(Task objective):
Reproduce the listing in full. Omit the pictures.

(Data provided):
####################

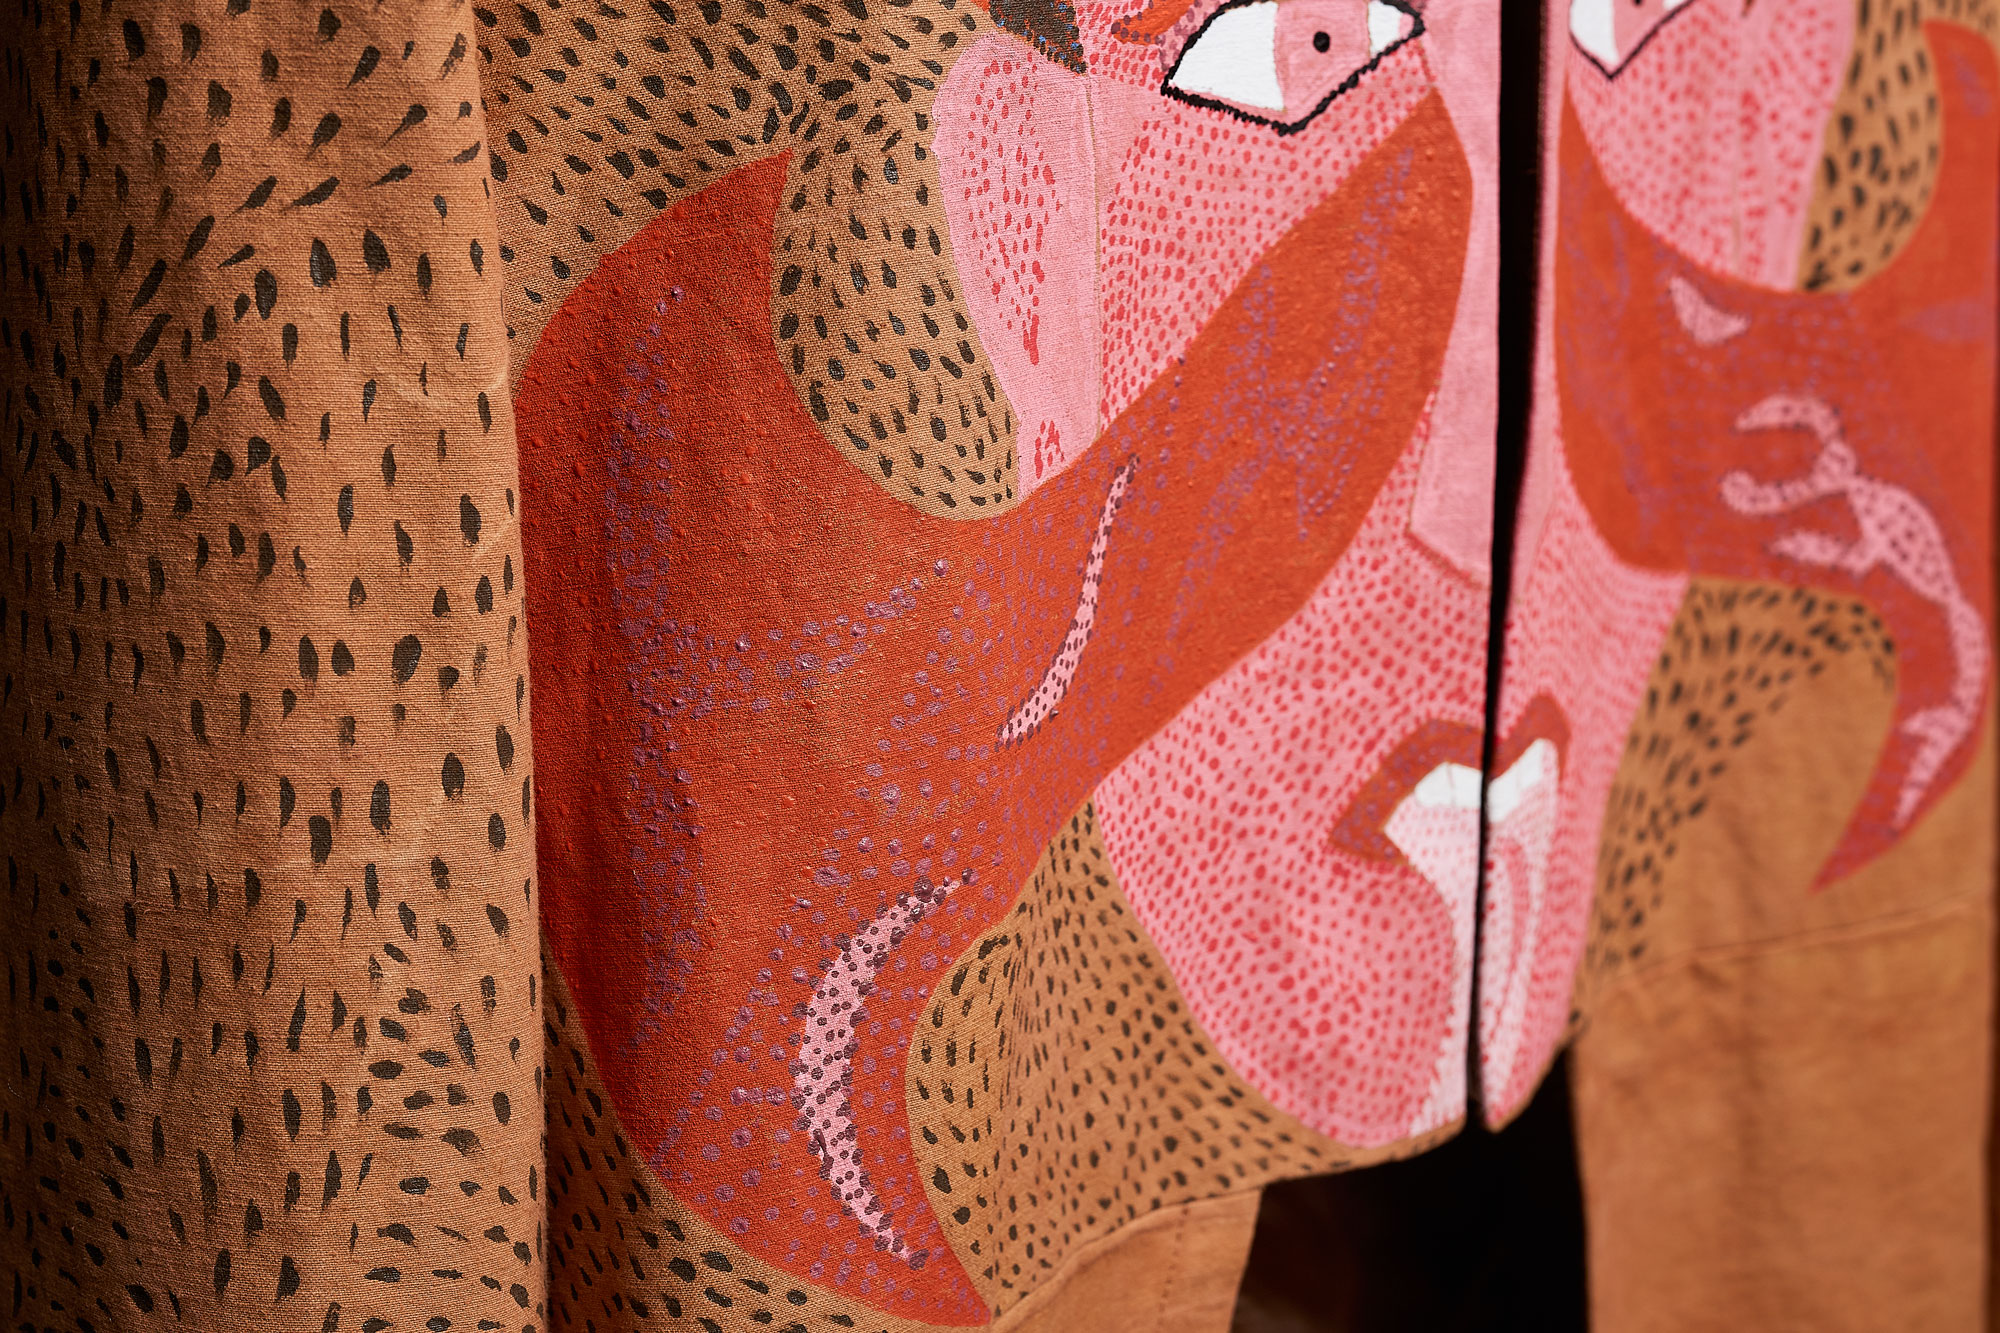 La Tête - Toile de coton. Teinture manuelle Cutch et peinture à main levée - env. 60 x 60 cm - 2018 - Photo : Barthelemy DECOBECQ 
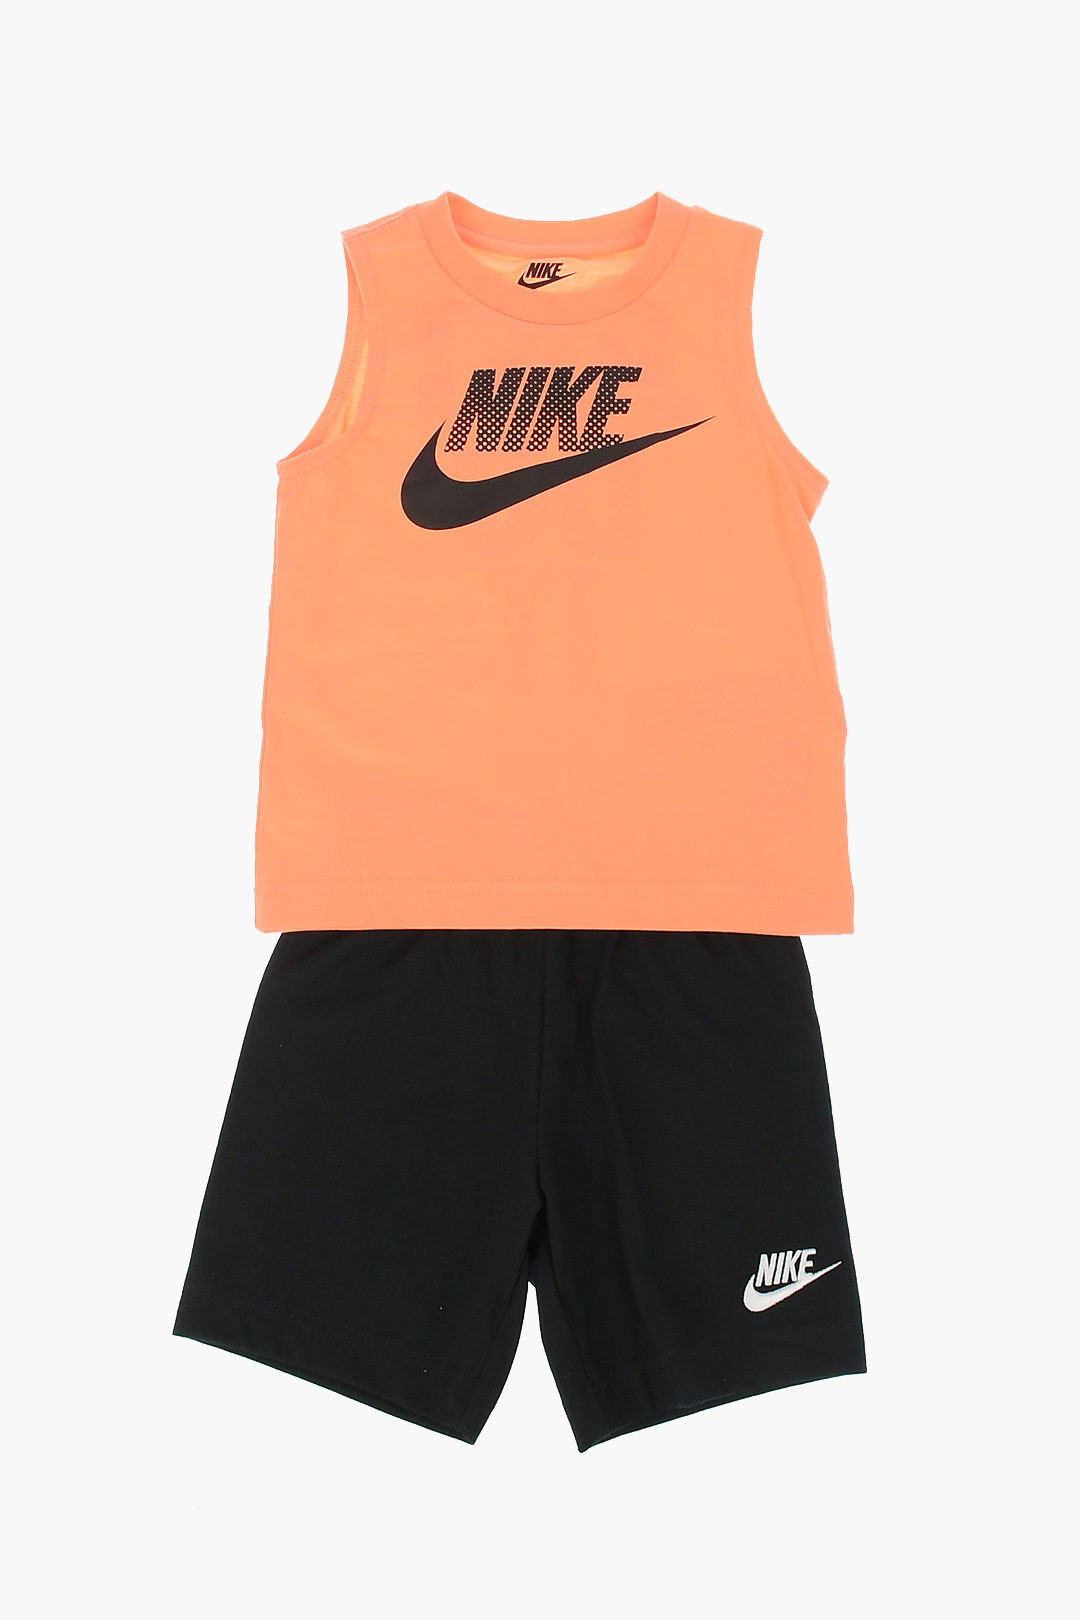 Nike KIDS Sleeveless T-shirt and Shorts Set boys - Glamood Outlet
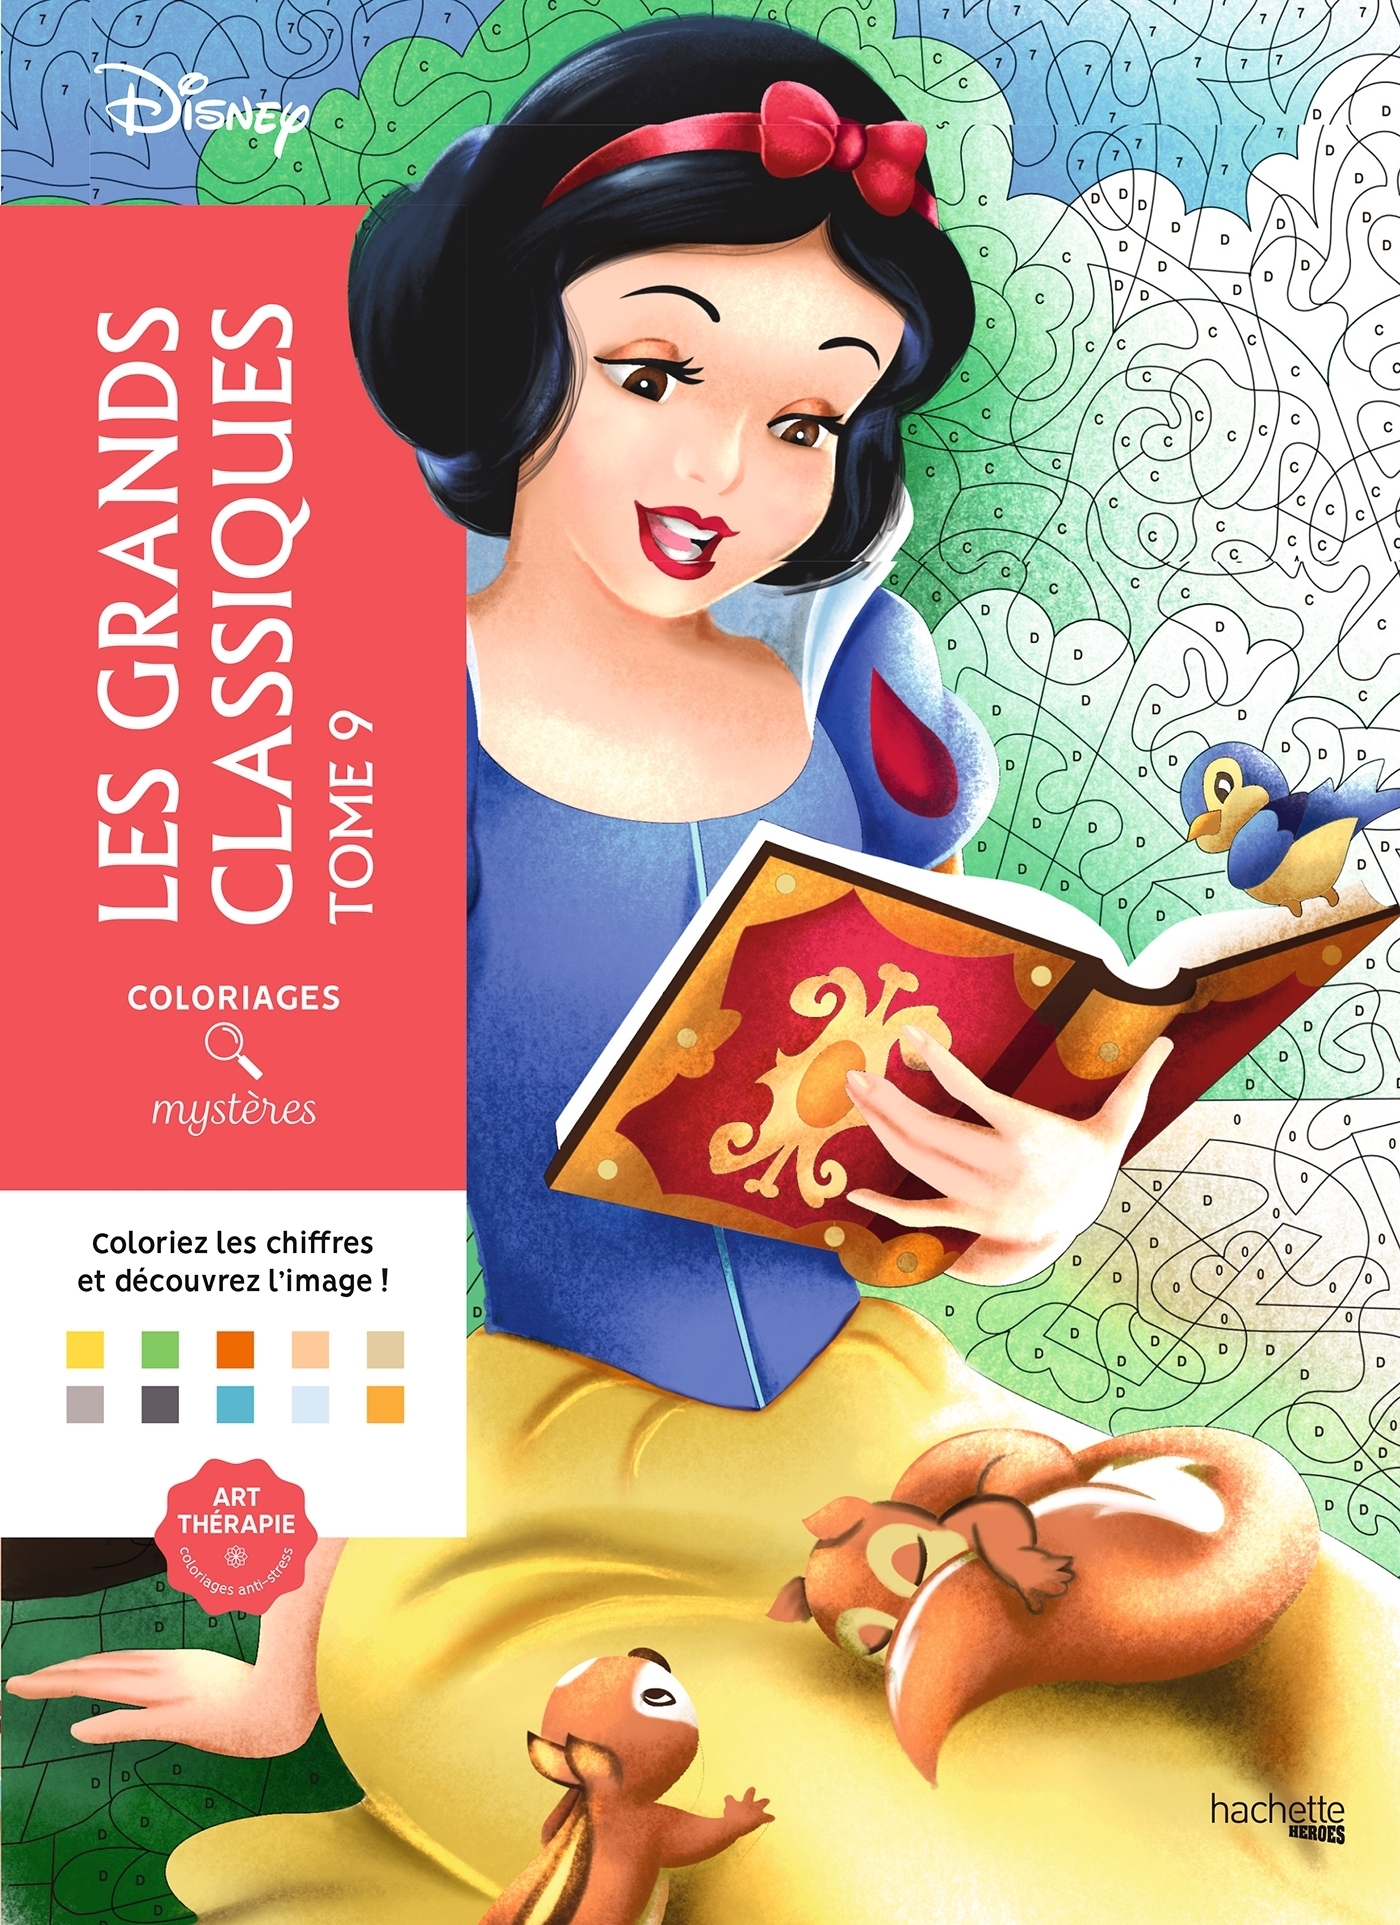 Les grands classique Disney N°72 - Les coloriages mystères de Clémence

####################

(Solution to this problem):
 La Tête - Toile de coton. Teinture manuelle Cutch et peinture à main levée - env. 60 x 60 cm - 2018 - Photo : Barthelemy DECOBECQ 
 Nike KIDS Sleeveless T-shirt and Shorts Set boys - Glamood Outlet
 Les grands classique Disney N°72 - Les coloriages mystères de Clémence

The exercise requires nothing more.